(Collected material begins)

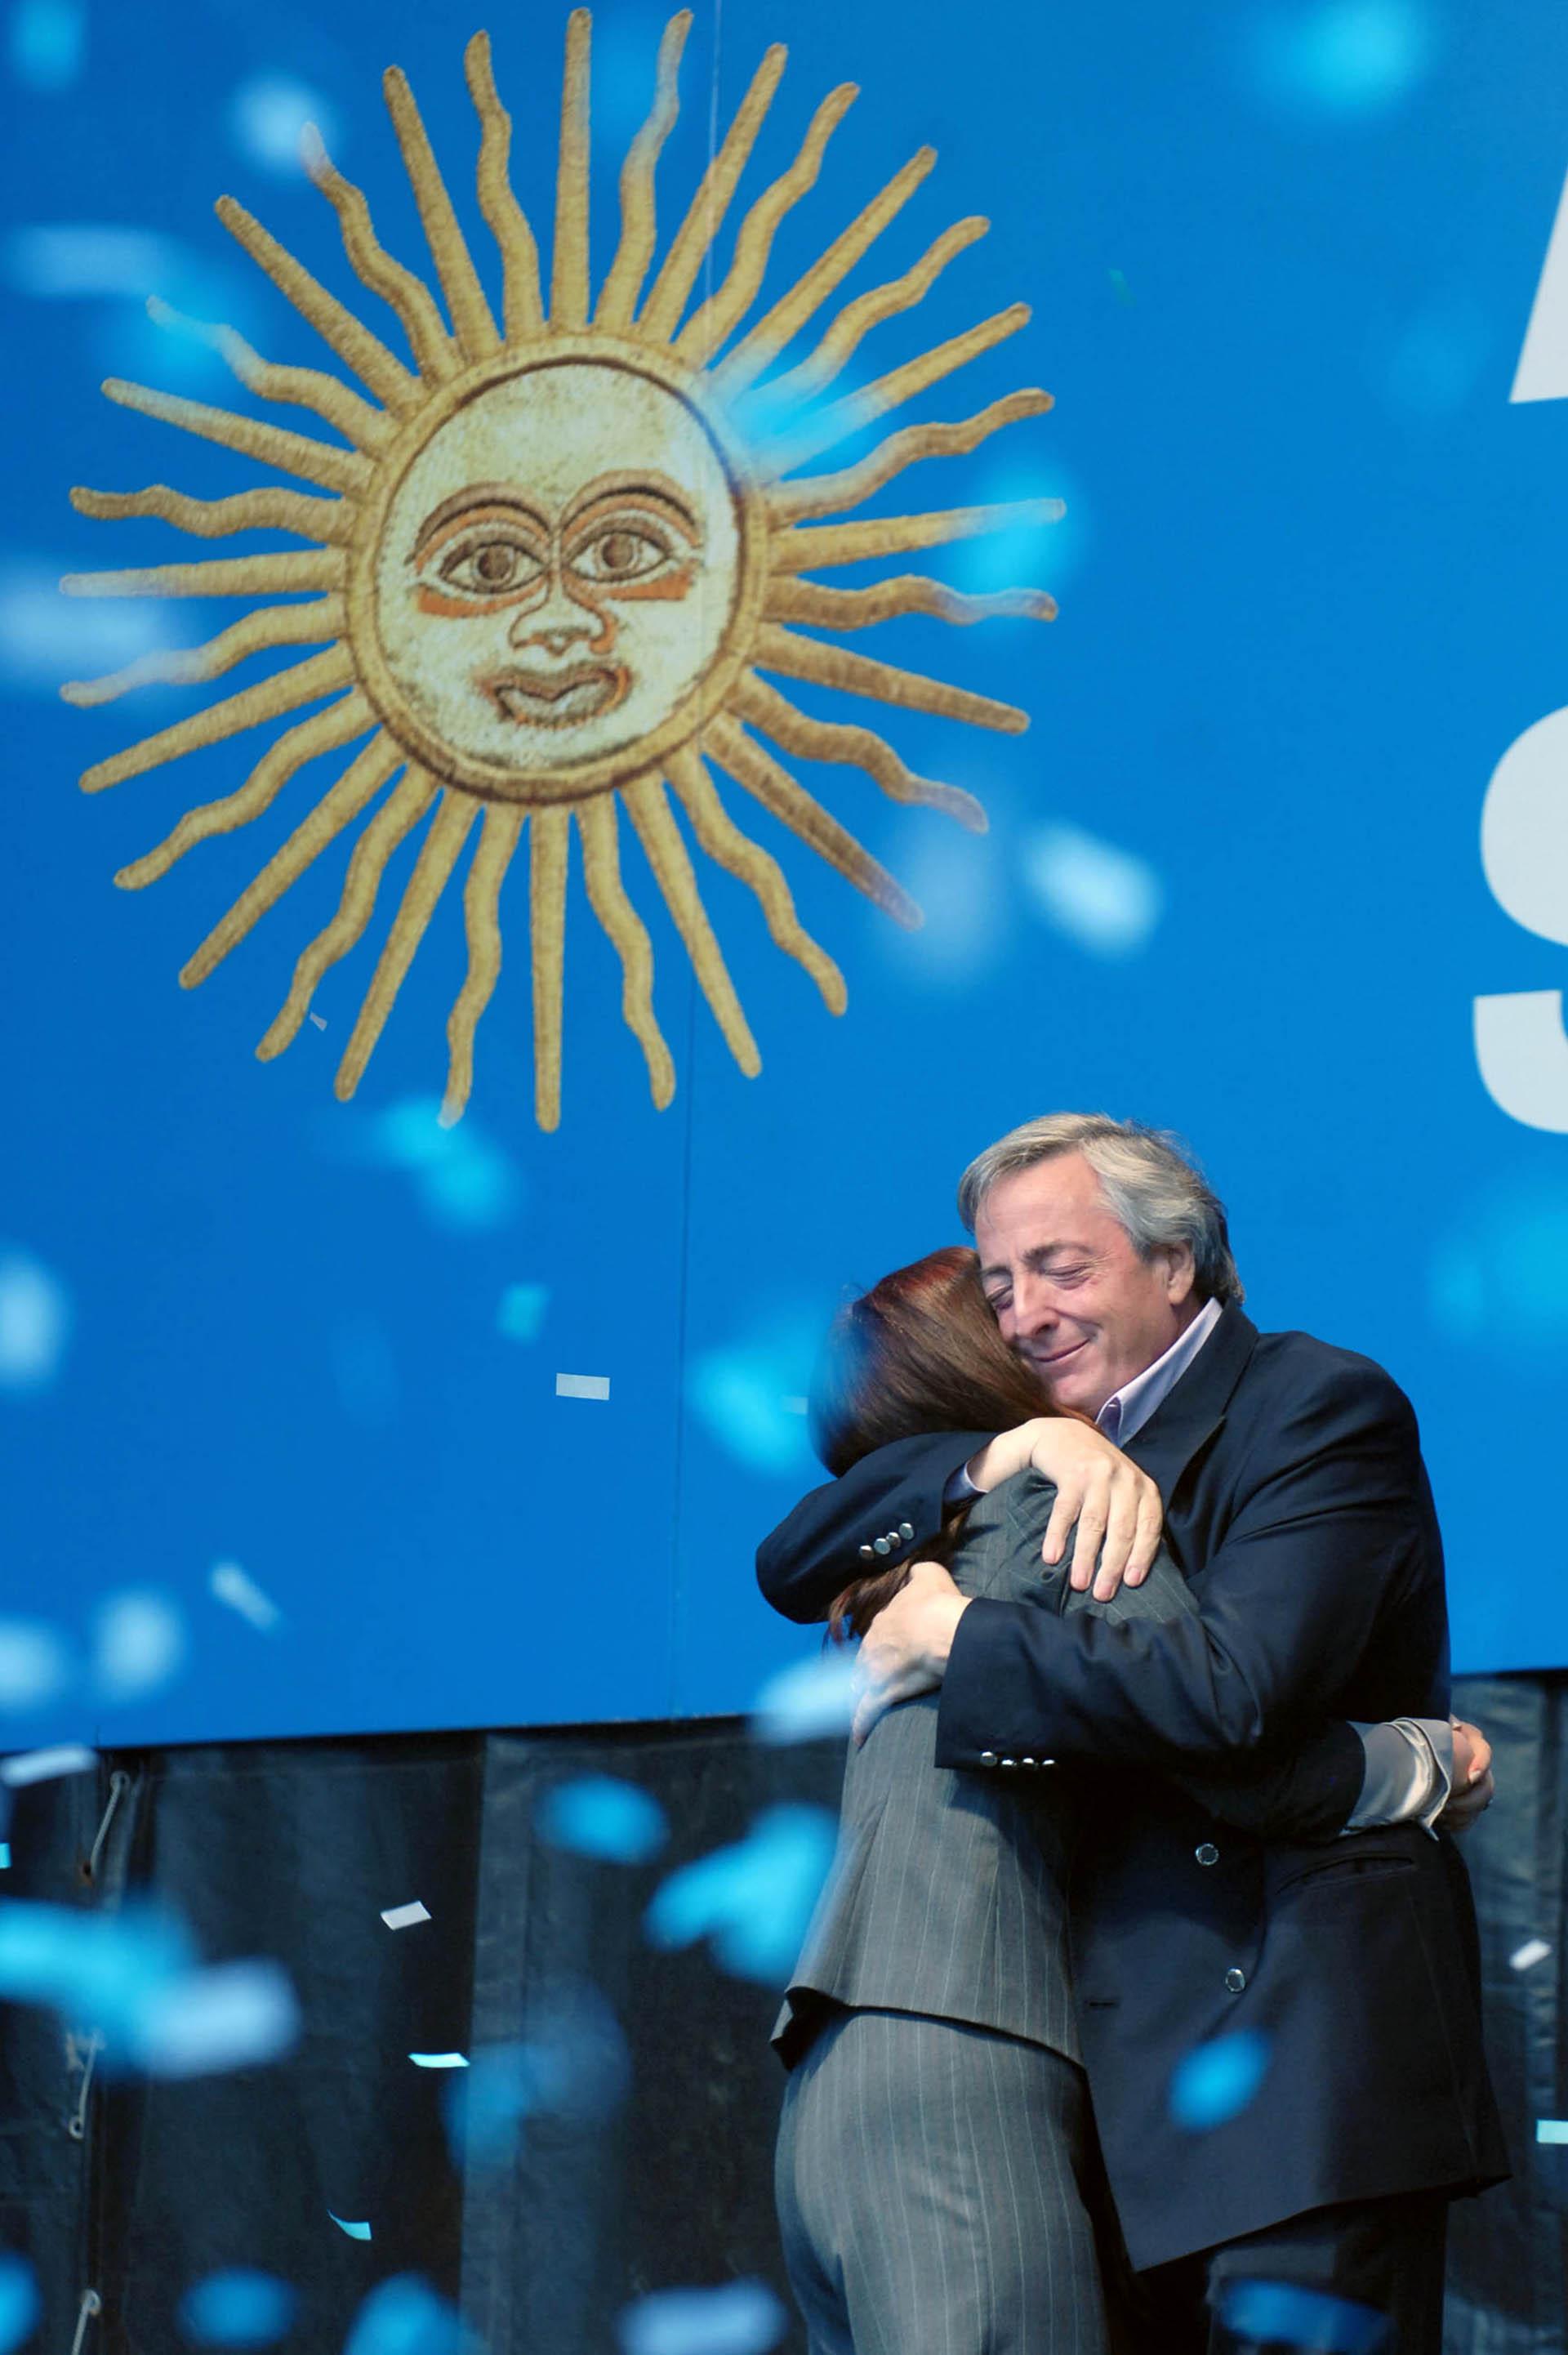 La presidente Cristina Fernández de Kirchner junto a su esposo Néstor Kirchner al finalizar su discurso en la Plaza de Mayo.
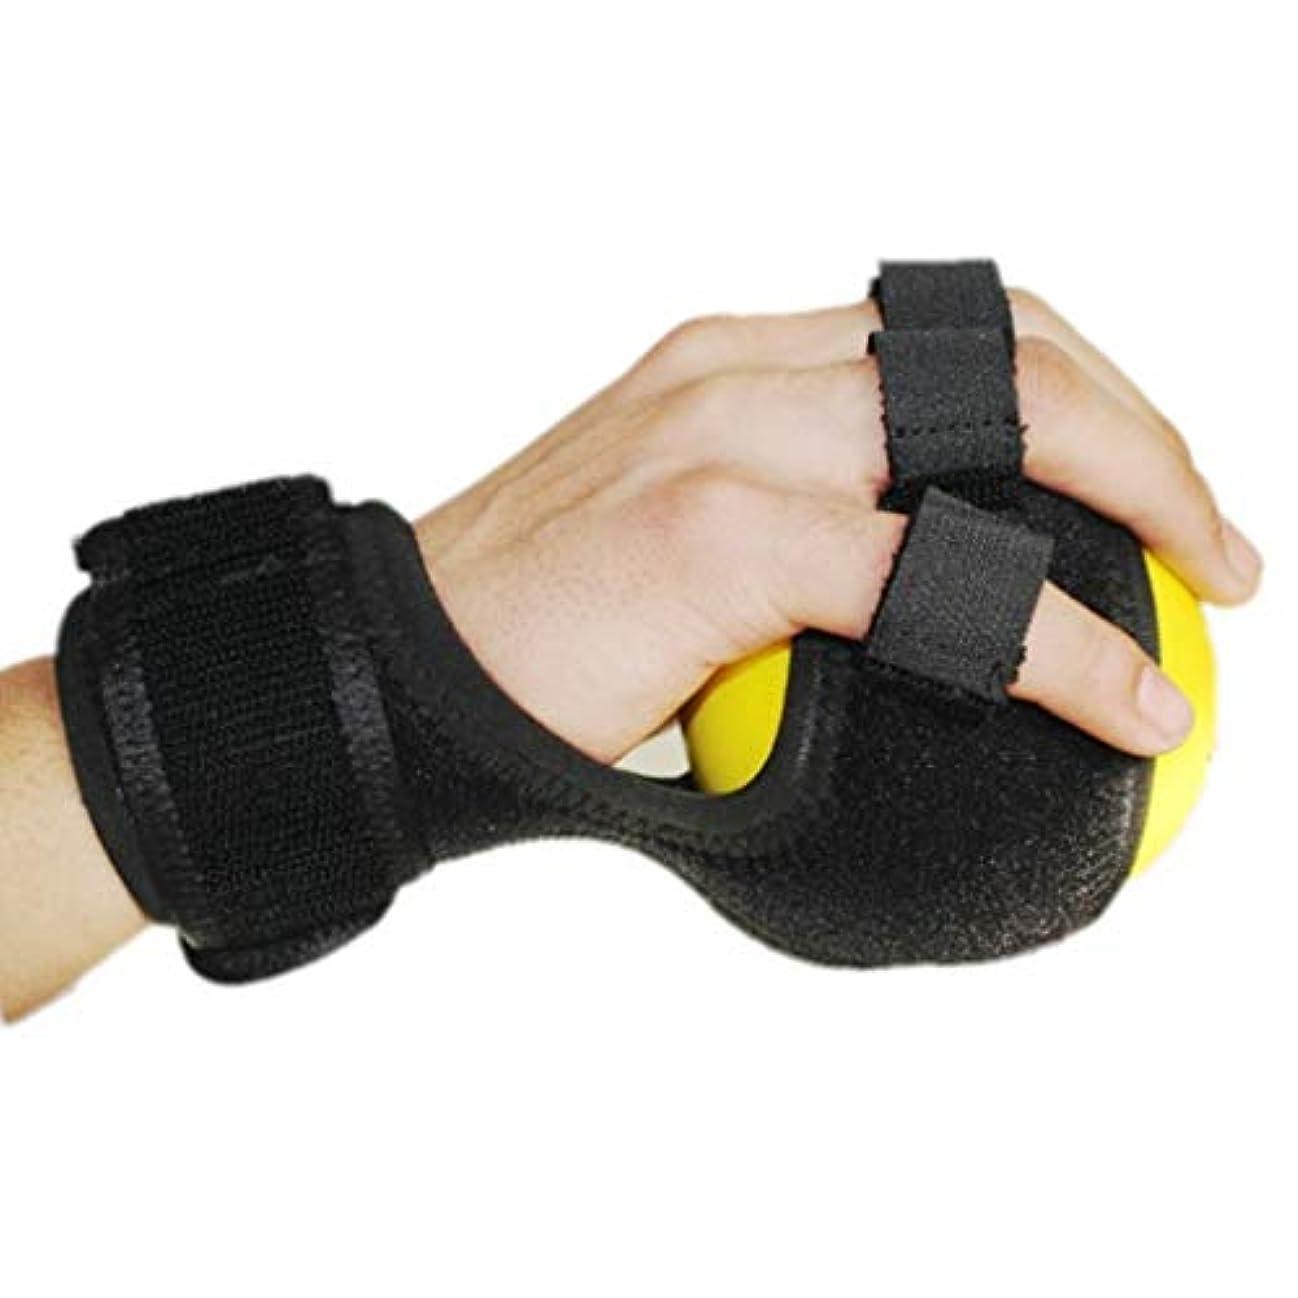 男スライムディスクグリップボールは手をつない機能障害アンチスクワット指補正デバイスのデバイストレーニング機器ストローク片麻痺リハビリトレーニングデバイスを参照します
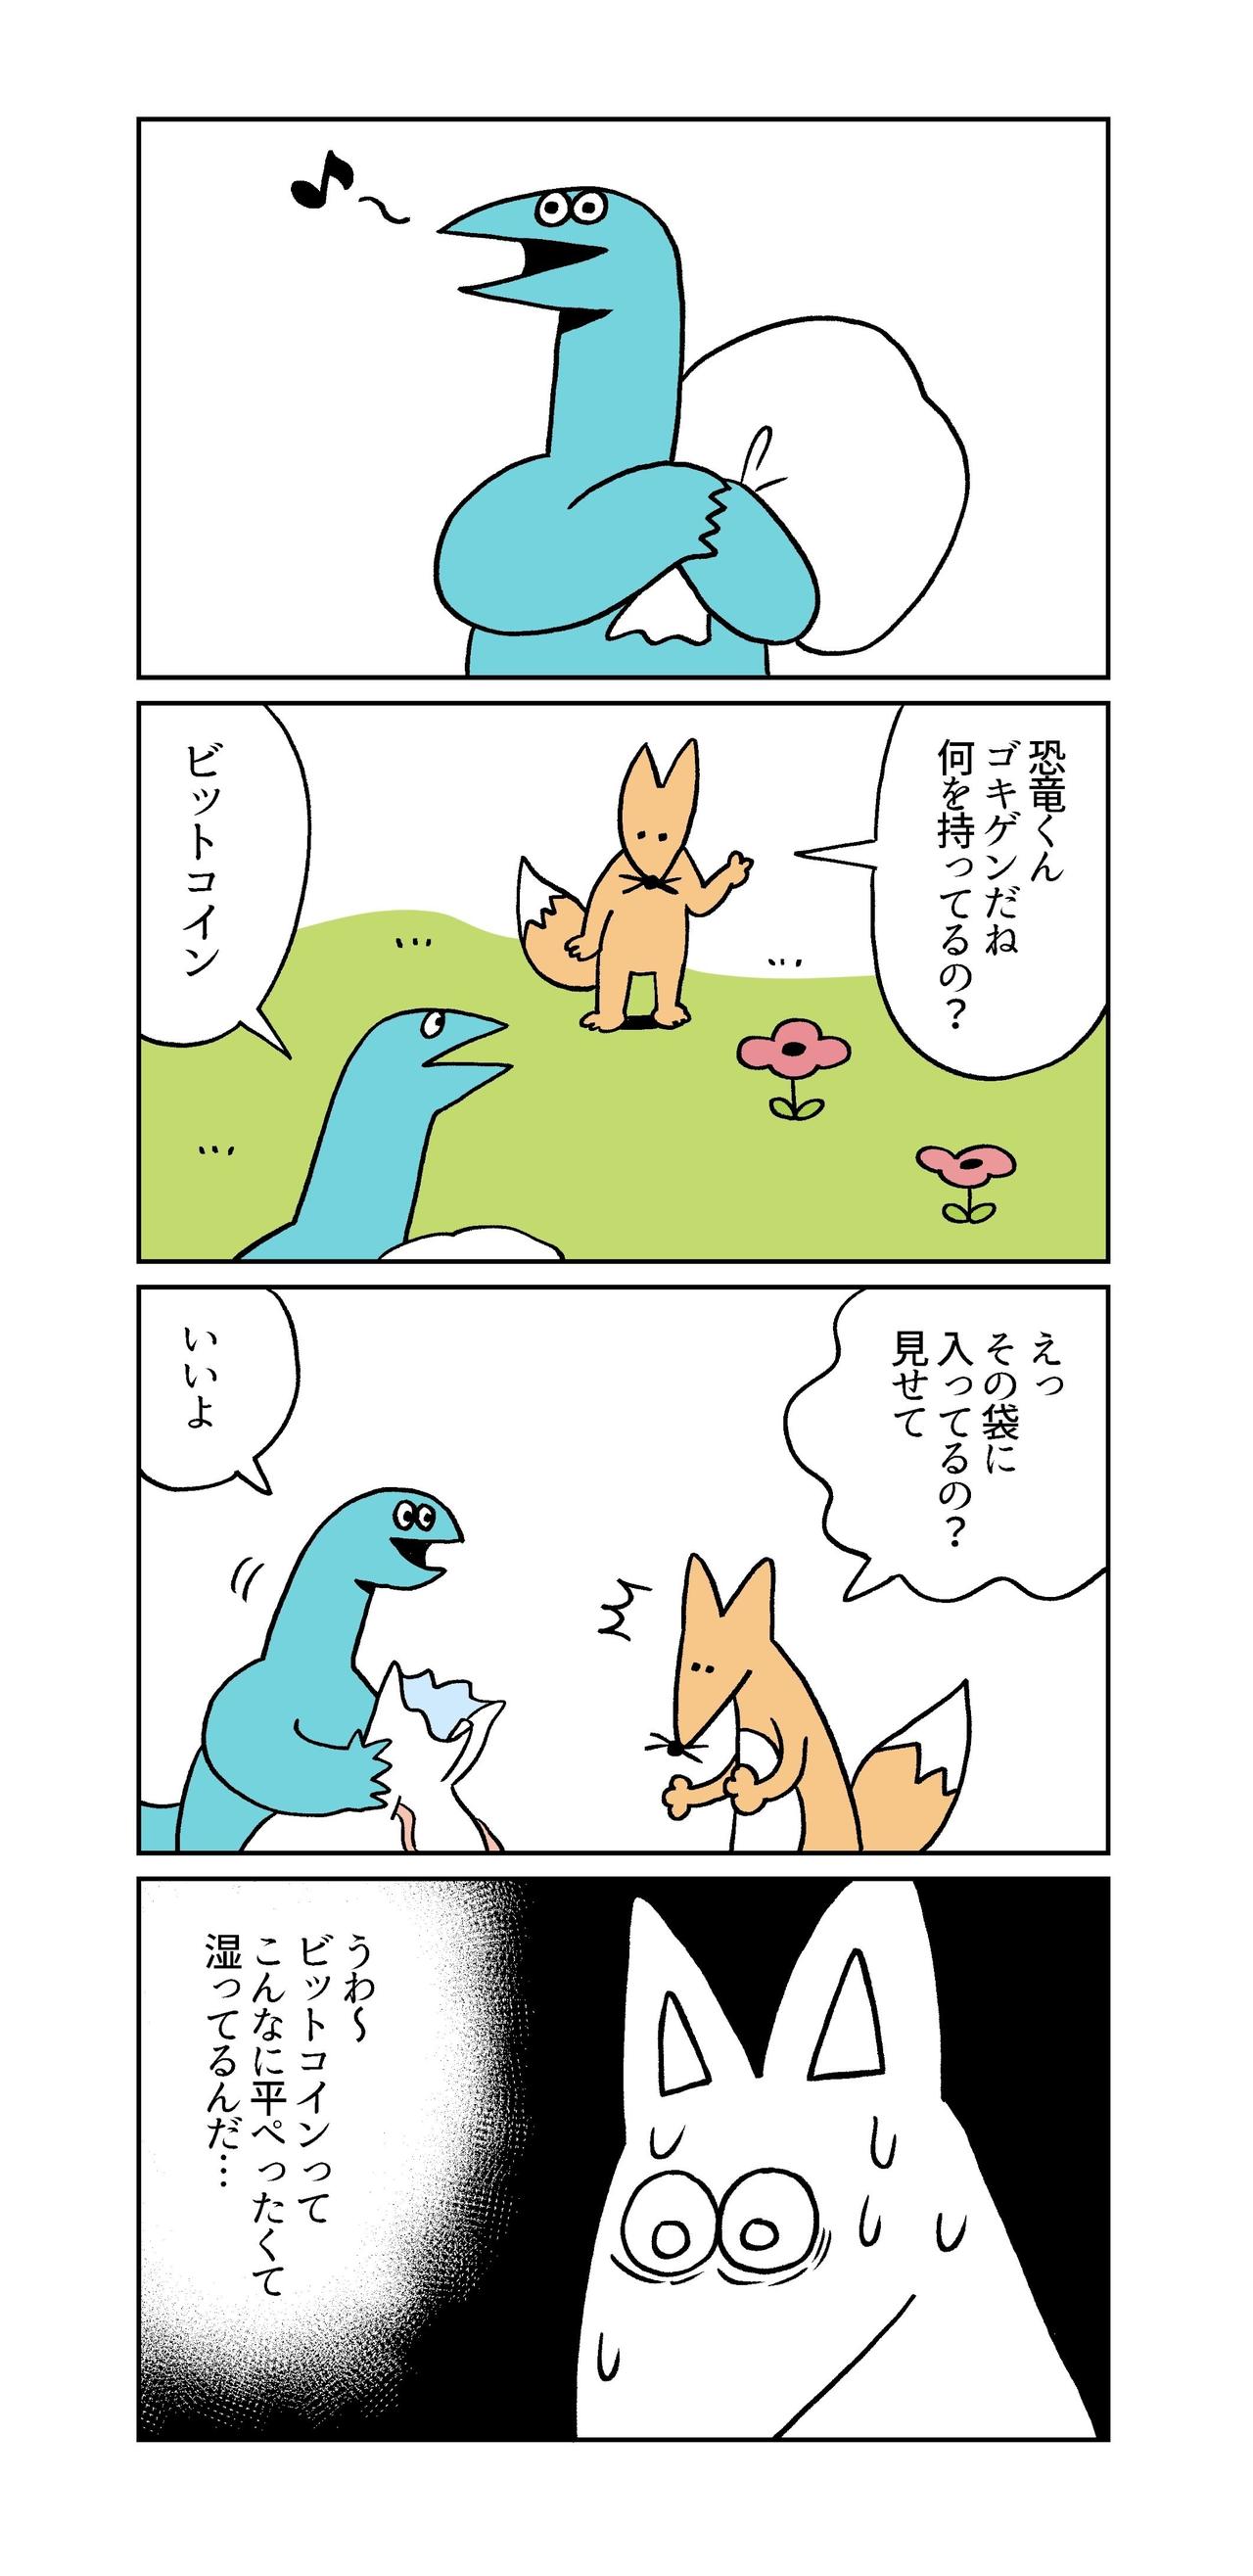 ビットコインの正体?! トミムラコタ 1990年生まれ イラストレーター/漫画家

(Collected material ends)

● Your objective:
In the copy you return, include exactly the lines from the one containing "男スライムディスクグリップボ" through the final line of the listing, and no pictures.

● Task output:
 男スライムディスクグリップボールは手をつない機能障害アンチスクワット指補正デバイスのデバイストレーニング機器ストローク片麻痺リハビリトレーニングデバイスを参照します
 ビットコインの正体?! トミムラコタ 1990年生まれ イラストレーター/漫画家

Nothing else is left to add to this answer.